The records
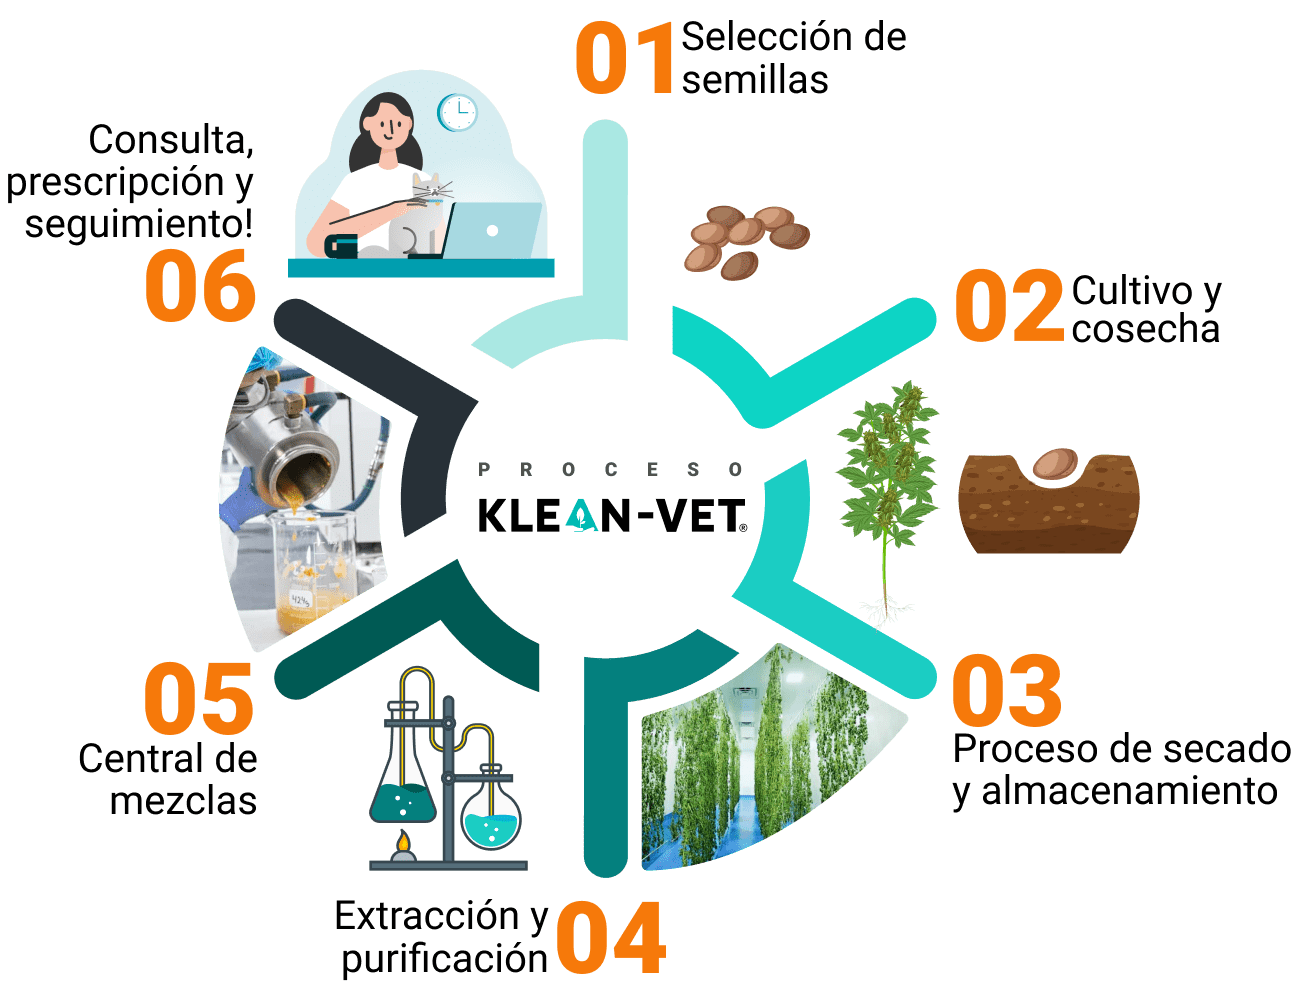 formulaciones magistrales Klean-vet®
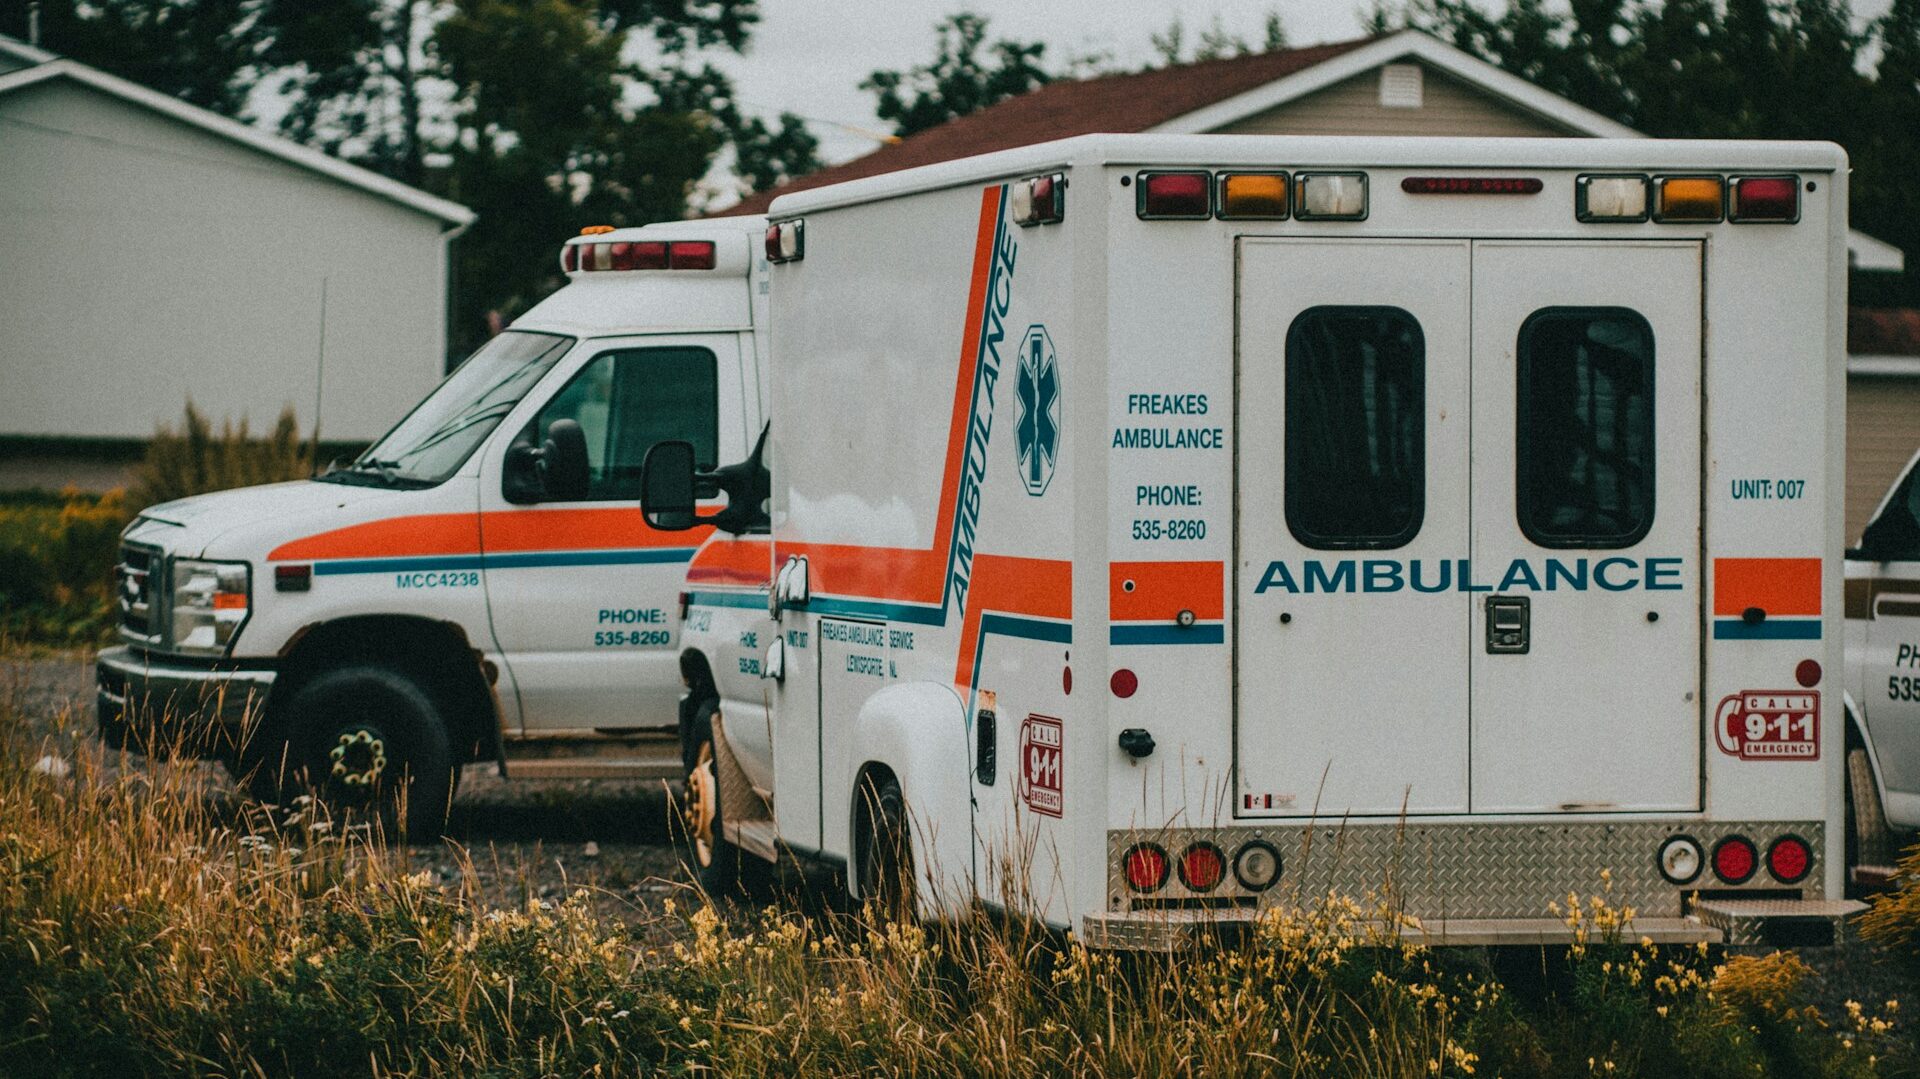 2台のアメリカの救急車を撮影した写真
...
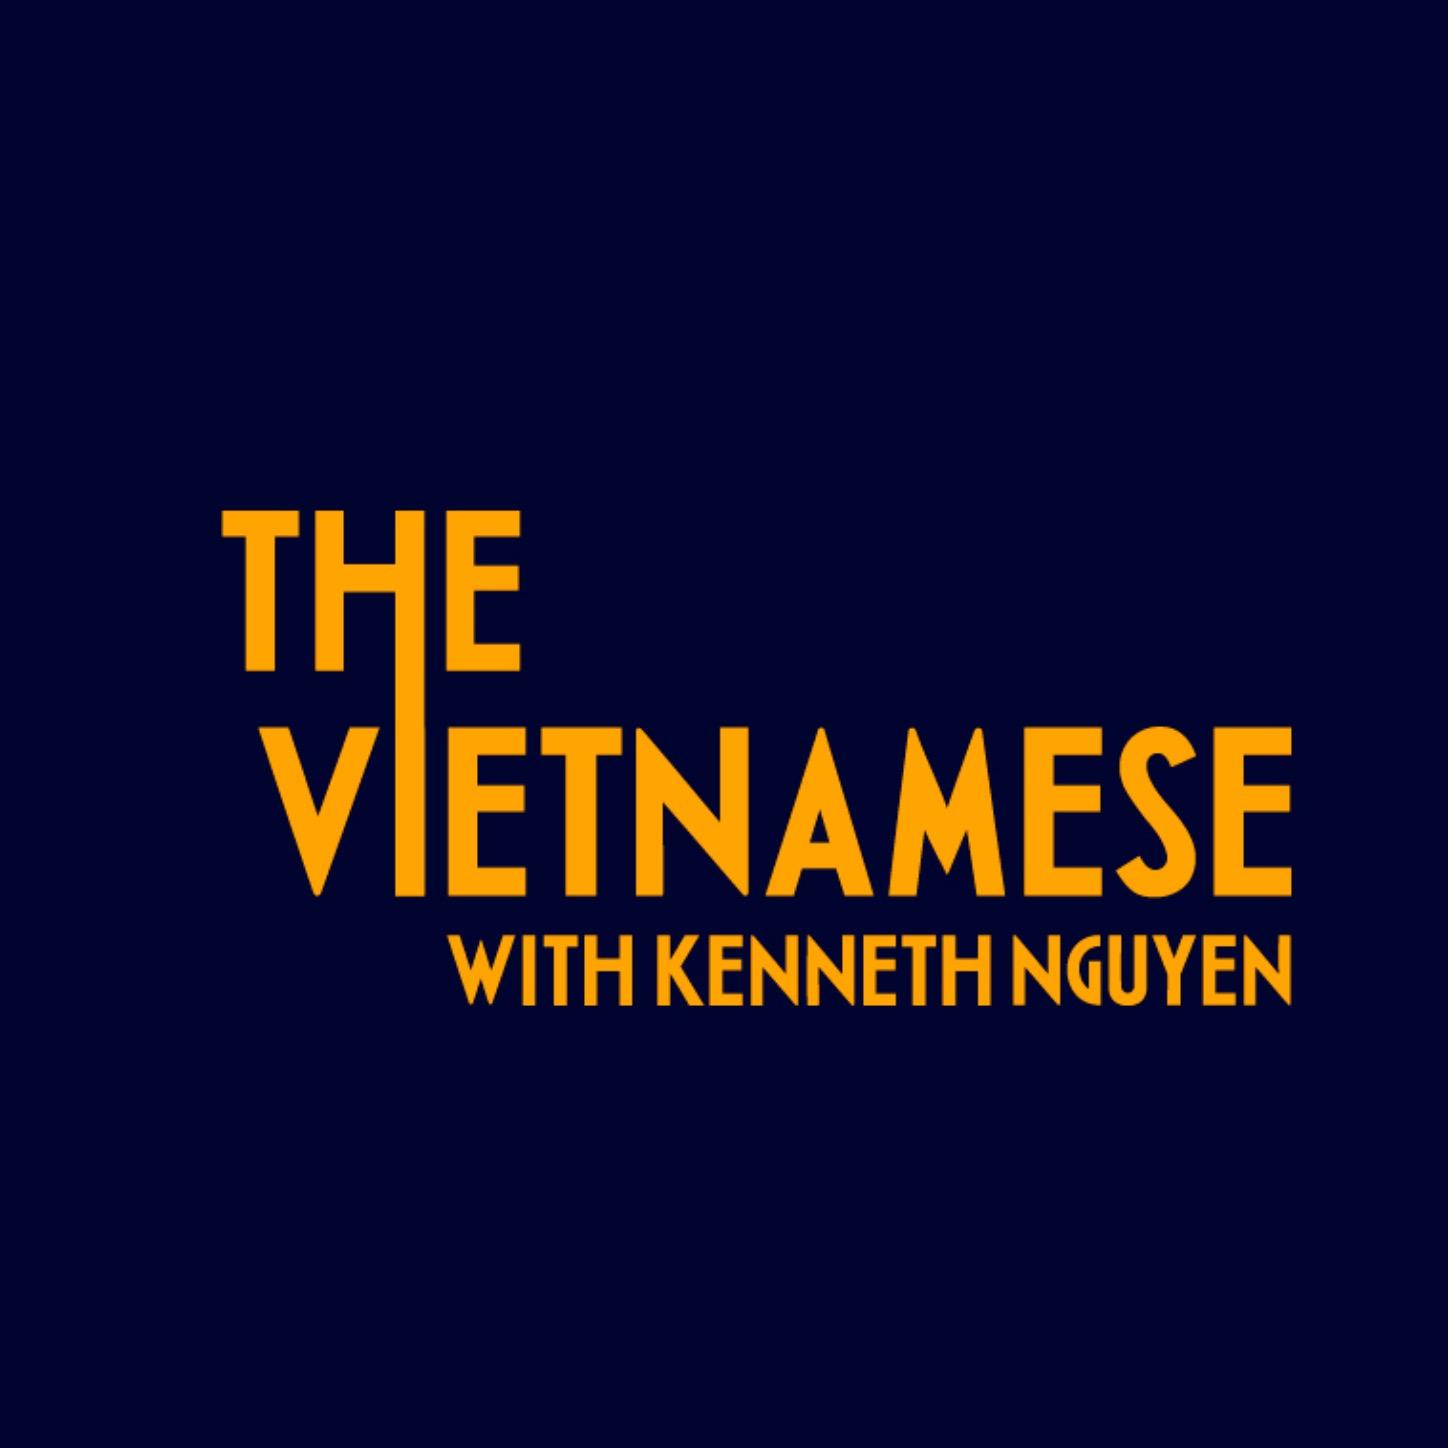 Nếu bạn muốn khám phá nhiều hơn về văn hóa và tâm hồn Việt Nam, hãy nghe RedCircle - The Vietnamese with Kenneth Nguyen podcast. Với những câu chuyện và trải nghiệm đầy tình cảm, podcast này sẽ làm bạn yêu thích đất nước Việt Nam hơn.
...
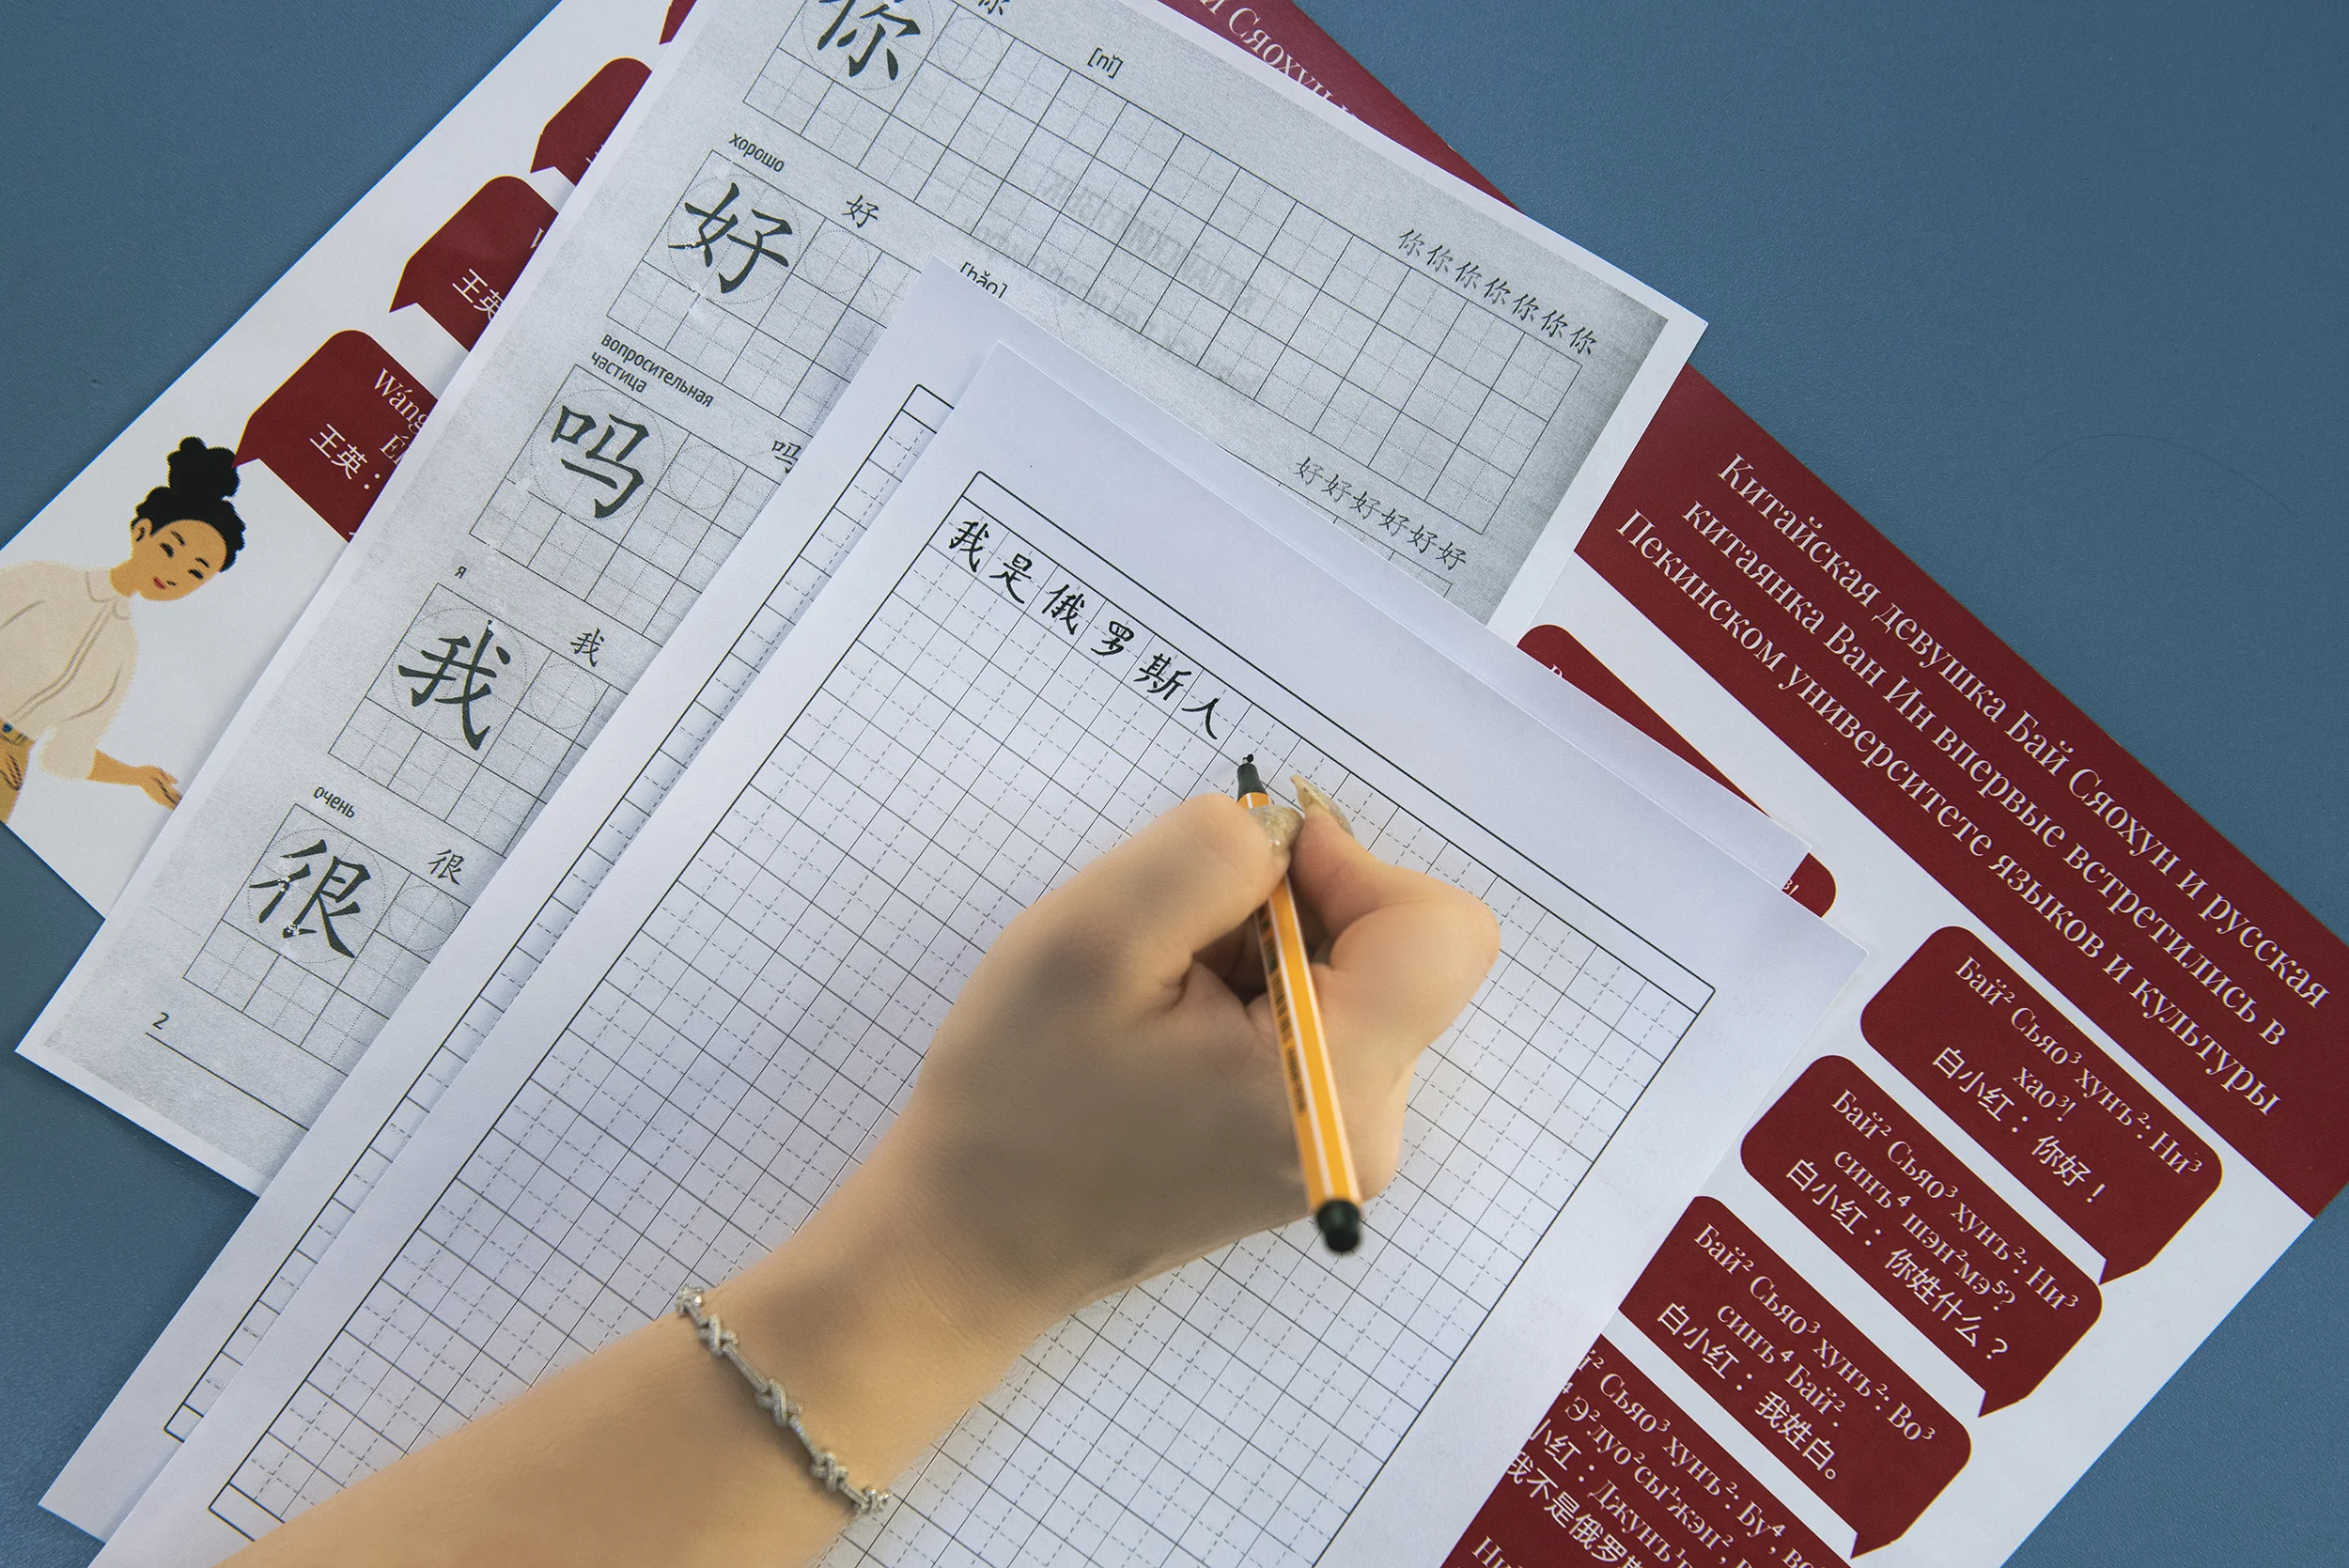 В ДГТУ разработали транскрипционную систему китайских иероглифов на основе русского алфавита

Directions
Lines from the one above containing "formulaciones magistrales Klean-vet®" down to the one containing "2台のアメリカの救急車を撮影した写真" should be transcribed exactly, with both ends kept and no pictures.

Response area
 formulaciones magistrales Klean-vet®
 2台のアメリカの救急車を撮影した写真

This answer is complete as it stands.